[Extracted data entries]
BEGIN
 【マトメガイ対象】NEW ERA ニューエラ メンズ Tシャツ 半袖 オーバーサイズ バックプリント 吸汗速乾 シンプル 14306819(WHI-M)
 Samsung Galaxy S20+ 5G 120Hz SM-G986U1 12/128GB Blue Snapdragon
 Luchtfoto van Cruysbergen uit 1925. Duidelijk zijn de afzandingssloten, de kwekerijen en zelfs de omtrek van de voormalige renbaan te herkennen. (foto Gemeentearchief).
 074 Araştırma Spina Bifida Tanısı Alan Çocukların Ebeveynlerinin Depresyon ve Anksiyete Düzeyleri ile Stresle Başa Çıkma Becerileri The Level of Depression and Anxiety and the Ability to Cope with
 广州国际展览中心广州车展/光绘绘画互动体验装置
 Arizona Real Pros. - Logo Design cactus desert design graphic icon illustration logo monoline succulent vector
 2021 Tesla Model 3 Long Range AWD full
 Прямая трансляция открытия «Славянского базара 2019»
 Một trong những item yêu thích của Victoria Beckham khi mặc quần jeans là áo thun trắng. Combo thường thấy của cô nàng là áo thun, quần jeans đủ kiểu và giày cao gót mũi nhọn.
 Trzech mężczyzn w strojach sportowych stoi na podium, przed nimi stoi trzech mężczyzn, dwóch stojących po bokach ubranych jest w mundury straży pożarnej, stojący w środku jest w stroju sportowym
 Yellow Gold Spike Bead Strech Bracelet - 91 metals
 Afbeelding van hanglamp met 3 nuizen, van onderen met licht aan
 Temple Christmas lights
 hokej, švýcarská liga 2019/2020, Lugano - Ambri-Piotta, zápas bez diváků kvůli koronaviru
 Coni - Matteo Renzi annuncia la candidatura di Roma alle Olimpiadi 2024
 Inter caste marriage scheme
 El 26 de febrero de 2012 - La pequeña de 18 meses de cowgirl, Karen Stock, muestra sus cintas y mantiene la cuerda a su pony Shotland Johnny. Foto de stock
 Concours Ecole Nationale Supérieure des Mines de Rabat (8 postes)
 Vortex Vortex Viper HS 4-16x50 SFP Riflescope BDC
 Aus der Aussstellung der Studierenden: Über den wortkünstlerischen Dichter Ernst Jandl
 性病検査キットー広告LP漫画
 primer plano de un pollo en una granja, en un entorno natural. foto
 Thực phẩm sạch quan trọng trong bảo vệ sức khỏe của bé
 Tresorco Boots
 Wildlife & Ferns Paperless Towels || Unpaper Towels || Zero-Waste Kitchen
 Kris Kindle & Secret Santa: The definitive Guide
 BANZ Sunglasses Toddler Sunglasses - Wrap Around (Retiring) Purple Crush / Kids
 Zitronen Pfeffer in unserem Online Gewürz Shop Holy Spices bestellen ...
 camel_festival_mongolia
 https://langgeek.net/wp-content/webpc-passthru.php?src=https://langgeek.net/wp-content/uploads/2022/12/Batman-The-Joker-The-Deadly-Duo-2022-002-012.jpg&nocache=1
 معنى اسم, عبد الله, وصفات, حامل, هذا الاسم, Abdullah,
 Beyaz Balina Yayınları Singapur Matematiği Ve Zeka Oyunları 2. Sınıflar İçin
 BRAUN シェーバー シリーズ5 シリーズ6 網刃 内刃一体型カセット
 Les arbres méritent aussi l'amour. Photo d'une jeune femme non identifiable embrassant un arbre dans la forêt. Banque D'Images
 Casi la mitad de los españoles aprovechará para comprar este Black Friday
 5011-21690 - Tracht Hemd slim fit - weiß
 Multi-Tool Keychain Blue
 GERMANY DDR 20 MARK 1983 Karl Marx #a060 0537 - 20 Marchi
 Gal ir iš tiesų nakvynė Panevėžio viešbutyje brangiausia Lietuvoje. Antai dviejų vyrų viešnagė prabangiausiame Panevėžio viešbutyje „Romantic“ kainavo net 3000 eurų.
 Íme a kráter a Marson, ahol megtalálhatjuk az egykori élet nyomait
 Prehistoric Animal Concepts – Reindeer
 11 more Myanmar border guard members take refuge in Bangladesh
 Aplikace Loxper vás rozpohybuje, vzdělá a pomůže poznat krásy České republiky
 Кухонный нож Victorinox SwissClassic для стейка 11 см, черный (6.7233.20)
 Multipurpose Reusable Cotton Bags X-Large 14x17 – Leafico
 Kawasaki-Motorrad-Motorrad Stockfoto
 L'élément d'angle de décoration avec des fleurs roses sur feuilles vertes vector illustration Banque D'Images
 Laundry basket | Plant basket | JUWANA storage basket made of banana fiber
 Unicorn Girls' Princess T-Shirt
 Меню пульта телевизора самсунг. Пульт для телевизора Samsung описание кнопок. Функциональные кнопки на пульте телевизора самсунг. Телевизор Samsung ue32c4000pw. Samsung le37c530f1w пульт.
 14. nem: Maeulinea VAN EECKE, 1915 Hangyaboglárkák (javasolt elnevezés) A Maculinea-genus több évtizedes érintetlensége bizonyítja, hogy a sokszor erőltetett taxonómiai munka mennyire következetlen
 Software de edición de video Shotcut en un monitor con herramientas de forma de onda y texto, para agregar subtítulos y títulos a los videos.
END
● Your objective
Transcribe the lines above precisely, keeping each one unchanged.

● Answer
 【マトメガイ対象】NEW ERA ニューエラ メンズ Tシャツ 半袖 オーバーサイズ バックプリント 吸汗速乾 シンプル 14306819(WHI-M)
 Samsung Galaxy S20+ 5G 120Hz SM-G986U1 12/128GB Blue Snapdragon
 Luchtfoto van Cruysbergen uit 1925. Duidelijk zijn de afzandingssloten, de kwekerijen en zelfs de omtrek van de voormalige renbaan te herkennen. (foto Gemeentearchief).
 074 Araştırma Spina Bifida Tanısı Alan Çocukların Ebeveynlerinin Depresyon ve Anksiyete Düzeyleri ile Stresle Başa Çıkma Becerileri The Level of Depression and Anxiety and the Ability to Cope with
 广州国际展览中心广州车展/光绘绘画互动体验装置
 Arizona Real Pros. - Logo Design cactus desert design graphic icon illustration logo monoline succulent vector
 2021 Tesla Model 3 Long Range AWD full
 Прямая трансляция открытия «Славянского базара 2019»
 Một trong những item yêu thích của Victoria Beckham khi mặc quần jeans là áo thun trắng. Combo thường thấy của cô nàng là áo thun, quần jeans đủ kiểu và giày cao gót mũi nhọn.
 Trzech mężczyzn w strojach sportowych stoi na podium, przed nimi stoi trzech mężczyzn, dwóch stojących po bokach ubranych jest w mundury straży pożarnej, stojący w środku jest w stroju sportowym
 Yellow Gold Spike Bead Strech Bracelet - 91 metals
 Afbeelding van hanglamp met 3 nuizen, van onderen met licht aan
 Temple Christmas lights
 hokej, švýcarská liga 2019/2020, Lugano - Ambri-Piotta, zápas bez diváků kvůli koronaviru
 Coni - Matteo Renzi annuncia la candidatura di Roma alle Olimpiadi 2024
 Inter caste marriage scheme
 El 26 de febrero de 2012 - La pequeña de 18 meses de cowgirl, Karen Stock, muestra sus cintas y mantiene la cuerda a su pony Shotland Johnny. Foto de stock
 Concours Ecole Nationale Supérieure des Mines de Rabat (8 postes)
 Vortex Vortex Viper HS 4-16x50 SFP Riflescope BDC
 Aus der Aussstellung der Studierenden: Über den wortkünstlerischen Dichter Ernst Jandl
 性病検査キットー広告LP漫画
 primer plano de un pollo en una granja, en un entorno natural. foto
 Thực phẩm sạch quan trọng trong bảo vệ sức khỏe của bé
 Tresorco Boots
 Wildlife & Ferns Paperless Towels || Unpaper Towels || Zero-Waste Kitchen
 Kris Kindle & Secret Santa: The definitive Guide
 BANZ Sunglasses Toddler Sunglasses - Wrap Around (Retiring) Purple Crush / Kids
 Zitronen Pfeffer in unserem Online Gewürz Shop Holy Spices bestellen ...
 camel_festival_mongolia
 https://langgeek.net/wp-content/webpc-passthru.php?src=https://langgeek.net/wp-content/uploads/2022/12/Batman-The-Joker-The-Deadly-Duo-2022-002-012.jpg&nocache=1
 معنى اسم, عبد الله, وصفات, حامل, هذا الاسم, Abdullah,
 Beyaz Balina Yayınları Singapur Matematiği Ve Zeka Oyunları 2. Sınıflar İçin
 BRAUN シェーバー シリーズ5 シリーズ6 網刃 内刃一体型カセット
 Les arbres méritent aussi l'amour. Photo d'une jeune femme non identifiable embrassant un arbre dans la forêt. Banque D'Images
 Casi la mitad de los españoles aprovechará para comprar este Black Friday
 5011-21690 - Tracht Hemd slim fit - weiß
 Multi-Tool Keychain Blue
 GERMANY DDR 20 MARK 1983 Karl Marx #a060 0537 - 20 Marchi
 Gal ir iš tiesų nakvynė Panevėžio viešbutyje brangiausia Lietuvoje. Antai dviejų vyrų viešnagė prabangiausiame Panevėžio viešbutyje „Romantic“ kainavo net 3000 eurų.
 Íme a kráter a Marson, ahol megtalálhatjuk az egykori élet nyomait
 Prehistoric Animal Concepts – Reindeer
 11 more Myanmar border guard members take refuge in Bangladesh
 Aplikace Loxper vás rozpohybuje, vzdělá a pomůže poznat krásy České republiky
 Кухонный нож Victorinox SwissClassic для стейка 11 см, черный (6.7233.20)
 Multipurpose Reusable Cotton Bags X-Large 14x17 – Leafico
 Kawasaki-Motorrad-Motorrad Stockfoto
 L'élément d'angle de décoration avec des fleurs roses sur feuilles vertes vector illustration Banque D'Images
 Laundry basket | Plant basket | JUWANA storage basket made of banana fiber
 Unicorn Girls' Princess T-Shirt
 Меню пульта телевизора самсунг. Пульт для телевизора Samsung описание кнопок. Функциональные кнопки на пульте телевизора самсунг. Телевизор Samsung ue32c4000pw. Samsung le37c530f1w пульт.
 14. nem: Maeulinea VAN EECKE, 1915 Hangyaboglárkák (javasolt elnevezés) A Maculinea-genus több évtizedes érintetlensége bizonyítja, hogy a sokszor erőltetett taxonómiai munka mennyire következetlen
 Software de edición de video Shotcut en un monitor con herramientas de forma de onda y texto, para agregar subtítulos y títulos a los videos.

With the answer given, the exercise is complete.